* **What needs to be done**: Below are records. Copy every line with "match" in it.

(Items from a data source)
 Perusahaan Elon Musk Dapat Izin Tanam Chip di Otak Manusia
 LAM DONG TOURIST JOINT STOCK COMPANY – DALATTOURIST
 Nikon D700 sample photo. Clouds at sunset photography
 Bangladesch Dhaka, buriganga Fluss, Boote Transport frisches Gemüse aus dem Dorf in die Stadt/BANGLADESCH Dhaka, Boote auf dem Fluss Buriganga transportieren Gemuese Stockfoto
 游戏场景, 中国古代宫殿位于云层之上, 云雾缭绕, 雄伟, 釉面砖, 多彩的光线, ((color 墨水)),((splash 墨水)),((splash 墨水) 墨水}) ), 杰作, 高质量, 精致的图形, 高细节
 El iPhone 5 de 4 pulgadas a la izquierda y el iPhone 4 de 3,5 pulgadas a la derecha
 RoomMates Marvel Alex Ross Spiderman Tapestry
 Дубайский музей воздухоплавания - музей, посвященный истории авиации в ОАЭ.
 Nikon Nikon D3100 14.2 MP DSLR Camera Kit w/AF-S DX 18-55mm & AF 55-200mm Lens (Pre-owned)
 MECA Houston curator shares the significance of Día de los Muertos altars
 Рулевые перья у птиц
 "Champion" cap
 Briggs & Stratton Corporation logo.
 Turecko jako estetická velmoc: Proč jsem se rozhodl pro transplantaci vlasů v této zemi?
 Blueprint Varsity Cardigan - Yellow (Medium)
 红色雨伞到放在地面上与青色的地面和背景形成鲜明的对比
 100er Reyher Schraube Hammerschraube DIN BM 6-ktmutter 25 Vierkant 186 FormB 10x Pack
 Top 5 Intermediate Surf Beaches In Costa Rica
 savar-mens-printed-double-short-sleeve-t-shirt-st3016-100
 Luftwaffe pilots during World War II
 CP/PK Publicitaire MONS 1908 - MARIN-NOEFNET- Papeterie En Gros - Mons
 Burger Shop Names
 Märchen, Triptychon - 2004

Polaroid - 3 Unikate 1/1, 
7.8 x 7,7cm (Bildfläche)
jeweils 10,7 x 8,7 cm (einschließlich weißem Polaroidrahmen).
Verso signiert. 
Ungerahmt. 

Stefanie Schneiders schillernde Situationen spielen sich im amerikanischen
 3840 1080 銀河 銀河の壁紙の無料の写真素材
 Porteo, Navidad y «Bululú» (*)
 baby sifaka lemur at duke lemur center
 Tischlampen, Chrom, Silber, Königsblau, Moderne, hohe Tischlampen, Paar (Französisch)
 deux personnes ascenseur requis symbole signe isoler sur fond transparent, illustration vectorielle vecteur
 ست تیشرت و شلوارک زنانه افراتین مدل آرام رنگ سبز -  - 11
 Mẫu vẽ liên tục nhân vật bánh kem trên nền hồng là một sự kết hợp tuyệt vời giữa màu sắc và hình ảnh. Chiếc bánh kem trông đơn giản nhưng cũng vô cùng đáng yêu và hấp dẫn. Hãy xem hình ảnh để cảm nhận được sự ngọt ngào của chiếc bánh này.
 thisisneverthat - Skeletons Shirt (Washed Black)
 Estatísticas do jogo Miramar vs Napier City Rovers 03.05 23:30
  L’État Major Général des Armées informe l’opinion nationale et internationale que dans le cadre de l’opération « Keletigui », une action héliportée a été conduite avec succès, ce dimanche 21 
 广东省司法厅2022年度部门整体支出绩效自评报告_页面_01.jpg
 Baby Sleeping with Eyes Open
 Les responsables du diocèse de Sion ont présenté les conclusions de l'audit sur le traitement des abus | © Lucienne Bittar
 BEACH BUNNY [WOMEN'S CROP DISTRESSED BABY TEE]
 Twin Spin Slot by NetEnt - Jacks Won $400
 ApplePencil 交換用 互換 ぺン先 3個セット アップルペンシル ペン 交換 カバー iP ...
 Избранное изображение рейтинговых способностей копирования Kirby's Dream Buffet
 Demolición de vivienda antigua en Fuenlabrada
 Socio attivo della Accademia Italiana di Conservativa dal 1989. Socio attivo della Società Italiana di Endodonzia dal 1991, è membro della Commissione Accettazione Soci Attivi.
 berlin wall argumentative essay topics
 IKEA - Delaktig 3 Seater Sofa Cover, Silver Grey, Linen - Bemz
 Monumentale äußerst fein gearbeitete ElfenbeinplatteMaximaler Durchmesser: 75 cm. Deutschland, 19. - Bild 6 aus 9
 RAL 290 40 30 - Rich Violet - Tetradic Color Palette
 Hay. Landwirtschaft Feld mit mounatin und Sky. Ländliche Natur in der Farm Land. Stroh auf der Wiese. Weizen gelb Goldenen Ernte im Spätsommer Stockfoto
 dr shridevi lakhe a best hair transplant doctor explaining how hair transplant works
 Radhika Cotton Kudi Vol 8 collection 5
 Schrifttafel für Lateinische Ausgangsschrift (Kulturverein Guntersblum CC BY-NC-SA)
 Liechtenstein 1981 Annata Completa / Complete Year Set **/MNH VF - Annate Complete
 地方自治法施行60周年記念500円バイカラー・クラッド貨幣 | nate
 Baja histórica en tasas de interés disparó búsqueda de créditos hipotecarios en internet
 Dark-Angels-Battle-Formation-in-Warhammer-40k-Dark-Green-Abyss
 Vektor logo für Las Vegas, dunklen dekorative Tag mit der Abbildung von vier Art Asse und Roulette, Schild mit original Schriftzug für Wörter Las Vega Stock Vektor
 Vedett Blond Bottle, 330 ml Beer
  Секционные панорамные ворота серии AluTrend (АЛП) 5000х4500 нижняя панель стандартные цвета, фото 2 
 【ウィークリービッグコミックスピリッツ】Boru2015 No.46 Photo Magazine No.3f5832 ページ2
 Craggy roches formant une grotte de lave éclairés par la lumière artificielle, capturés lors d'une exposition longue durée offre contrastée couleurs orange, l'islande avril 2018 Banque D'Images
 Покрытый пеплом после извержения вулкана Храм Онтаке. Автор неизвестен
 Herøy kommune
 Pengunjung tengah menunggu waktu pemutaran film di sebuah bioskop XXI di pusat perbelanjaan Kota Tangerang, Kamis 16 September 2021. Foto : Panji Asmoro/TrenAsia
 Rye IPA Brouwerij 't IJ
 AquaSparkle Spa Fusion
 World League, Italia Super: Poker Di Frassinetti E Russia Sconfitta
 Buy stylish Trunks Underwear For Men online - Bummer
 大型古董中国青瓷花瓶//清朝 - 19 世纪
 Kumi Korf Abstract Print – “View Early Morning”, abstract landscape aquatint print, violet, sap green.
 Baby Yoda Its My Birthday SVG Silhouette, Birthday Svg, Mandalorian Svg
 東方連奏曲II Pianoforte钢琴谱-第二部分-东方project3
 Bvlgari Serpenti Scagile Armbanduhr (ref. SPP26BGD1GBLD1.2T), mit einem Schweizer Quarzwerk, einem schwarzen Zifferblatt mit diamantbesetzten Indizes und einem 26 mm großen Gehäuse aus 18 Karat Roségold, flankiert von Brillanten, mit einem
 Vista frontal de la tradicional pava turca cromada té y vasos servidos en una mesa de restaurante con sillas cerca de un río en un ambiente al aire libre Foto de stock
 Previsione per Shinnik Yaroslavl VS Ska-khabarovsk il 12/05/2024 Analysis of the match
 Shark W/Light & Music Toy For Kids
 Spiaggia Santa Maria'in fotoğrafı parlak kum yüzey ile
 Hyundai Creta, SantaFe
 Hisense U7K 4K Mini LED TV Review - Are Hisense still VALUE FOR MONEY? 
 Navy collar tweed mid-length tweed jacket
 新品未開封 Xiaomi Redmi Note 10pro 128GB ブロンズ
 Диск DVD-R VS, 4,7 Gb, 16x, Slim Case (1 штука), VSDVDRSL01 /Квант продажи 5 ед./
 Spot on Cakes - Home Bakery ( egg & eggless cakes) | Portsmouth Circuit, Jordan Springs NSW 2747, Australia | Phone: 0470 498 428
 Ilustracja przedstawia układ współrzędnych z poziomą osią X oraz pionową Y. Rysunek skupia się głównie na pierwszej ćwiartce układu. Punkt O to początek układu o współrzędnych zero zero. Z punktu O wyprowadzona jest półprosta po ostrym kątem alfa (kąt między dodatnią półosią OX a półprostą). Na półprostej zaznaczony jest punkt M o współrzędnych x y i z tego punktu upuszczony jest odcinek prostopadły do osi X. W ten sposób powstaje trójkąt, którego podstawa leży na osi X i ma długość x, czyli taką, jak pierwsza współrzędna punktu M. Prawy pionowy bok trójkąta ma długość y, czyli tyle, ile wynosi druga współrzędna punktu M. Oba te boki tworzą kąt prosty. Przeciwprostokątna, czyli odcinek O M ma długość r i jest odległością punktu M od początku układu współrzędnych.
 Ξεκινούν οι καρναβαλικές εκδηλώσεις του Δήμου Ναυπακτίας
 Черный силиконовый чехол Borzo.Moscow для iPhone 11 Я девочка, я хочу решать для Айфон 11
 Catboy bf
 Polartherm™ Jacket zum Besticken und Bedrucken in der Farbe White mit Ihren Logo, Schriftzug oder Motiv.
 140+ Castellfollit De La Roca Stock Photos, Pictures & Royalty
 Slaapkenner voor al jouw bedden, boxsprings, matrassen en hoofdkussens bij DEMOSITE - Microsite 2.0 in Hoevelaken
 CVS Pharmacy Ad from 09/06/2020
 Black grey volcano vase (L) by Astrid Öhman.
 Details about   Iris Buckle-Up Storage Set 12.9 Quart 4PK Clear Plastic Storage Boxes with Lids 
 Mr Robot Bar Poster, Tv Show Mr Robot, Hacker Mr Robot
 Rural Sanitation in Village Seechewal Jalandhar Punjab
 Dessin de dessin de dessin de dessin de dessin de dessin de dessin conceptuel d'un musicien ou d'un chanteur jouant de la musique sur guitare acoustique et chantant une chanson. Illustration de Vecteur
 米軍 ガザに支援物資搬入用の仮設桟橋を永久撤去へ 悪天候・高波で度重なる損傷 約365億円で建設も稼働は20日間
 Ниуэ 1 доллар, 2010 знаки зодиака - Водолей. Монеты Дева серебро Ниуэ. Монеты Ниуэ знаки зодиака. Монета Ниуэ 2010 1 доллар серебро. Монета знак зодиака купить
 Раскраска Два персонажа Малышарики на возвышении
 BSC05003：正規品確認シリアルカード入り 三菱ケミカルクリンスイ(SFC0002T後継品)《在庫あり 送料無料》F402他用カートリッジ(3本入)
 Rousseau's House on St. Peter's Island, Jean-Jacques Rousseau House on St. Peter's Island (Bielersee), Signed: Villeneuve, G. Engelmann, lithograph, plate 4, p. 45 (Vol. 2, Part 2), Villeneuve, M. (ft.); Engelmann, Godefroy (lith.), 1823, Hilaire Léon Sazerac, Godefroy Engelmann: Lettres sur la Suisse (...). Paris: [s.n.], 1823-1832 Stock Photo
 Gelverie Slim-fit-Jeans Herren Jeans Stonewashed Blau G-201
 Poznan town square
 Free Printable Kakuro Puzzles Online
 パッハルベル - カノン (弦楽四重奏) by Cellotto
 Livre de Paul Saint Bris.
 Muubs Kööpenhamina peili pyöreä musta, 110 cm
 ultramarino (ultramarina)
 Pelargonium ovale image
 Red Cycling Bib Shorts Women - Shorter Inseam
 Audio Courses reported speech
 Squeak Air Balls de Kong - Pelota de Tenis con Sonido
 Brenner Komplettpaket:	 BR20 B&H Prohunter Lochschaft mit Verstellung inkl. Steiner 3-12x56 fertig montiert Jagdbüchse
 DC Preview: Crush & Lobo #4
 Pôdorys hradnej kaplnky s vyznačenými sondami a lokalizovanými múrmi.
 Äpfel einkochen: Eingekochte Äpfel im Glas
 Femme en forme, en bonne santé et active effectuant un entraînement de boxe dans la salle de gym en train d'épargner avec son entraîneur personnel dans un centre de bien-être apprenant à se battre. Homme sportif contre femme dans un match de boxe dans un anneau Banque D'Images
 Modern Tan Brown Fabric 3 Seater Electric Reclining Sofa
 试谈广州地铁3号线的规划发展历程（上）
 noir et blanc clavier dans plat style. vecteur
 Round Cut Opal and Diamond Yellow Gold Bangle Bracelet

* **Solution to this problem**:
 Previsione per Shinnik Yaroslavl VS Ska-khabarovsk il 12/05/2024 Analysis of the match
 Femme en forme, en bonne santé et active effectuant un entraînement de boxe dans la salle de gym en train d'épargner avec son entraîneur personnel dans un centre de bien-être apprenant à se battre. Homme sportif contre femme dans un match de boxe dans un anneau Banque D'Images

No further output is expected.